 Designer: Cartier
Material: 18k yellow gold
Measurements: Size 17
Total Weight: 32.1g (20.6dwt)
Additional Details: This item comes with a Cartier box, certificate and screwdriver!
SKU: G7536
...
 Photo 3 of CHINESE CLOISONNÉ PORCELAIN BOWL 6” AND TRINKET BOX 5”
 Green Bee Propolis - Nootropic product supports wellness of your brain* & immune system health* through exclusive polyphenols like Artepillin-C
--
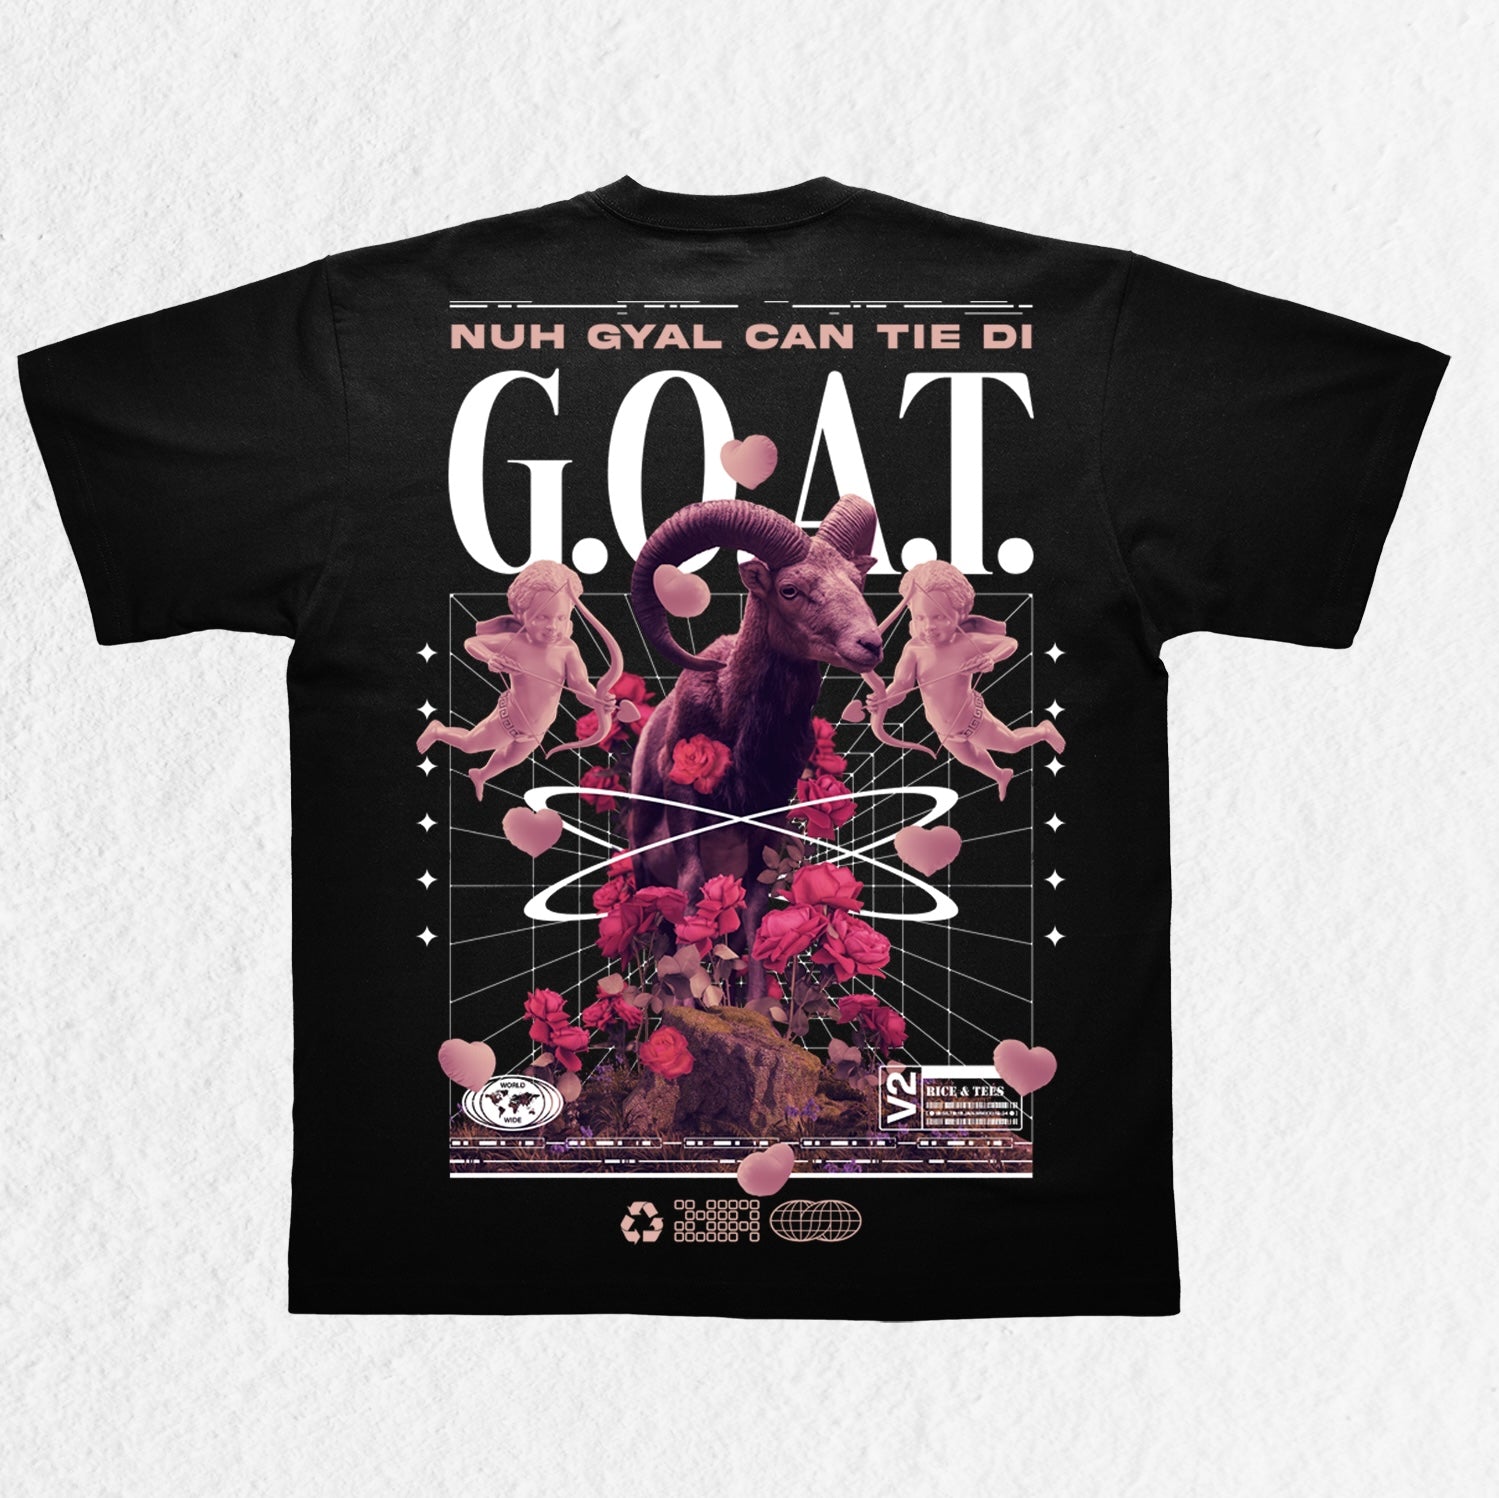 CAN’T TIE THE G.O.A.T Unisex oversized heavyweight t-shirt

§ Brief: Answer with the count alone: how many lines in the data above have "Cartier" in them?

§ Result below: 2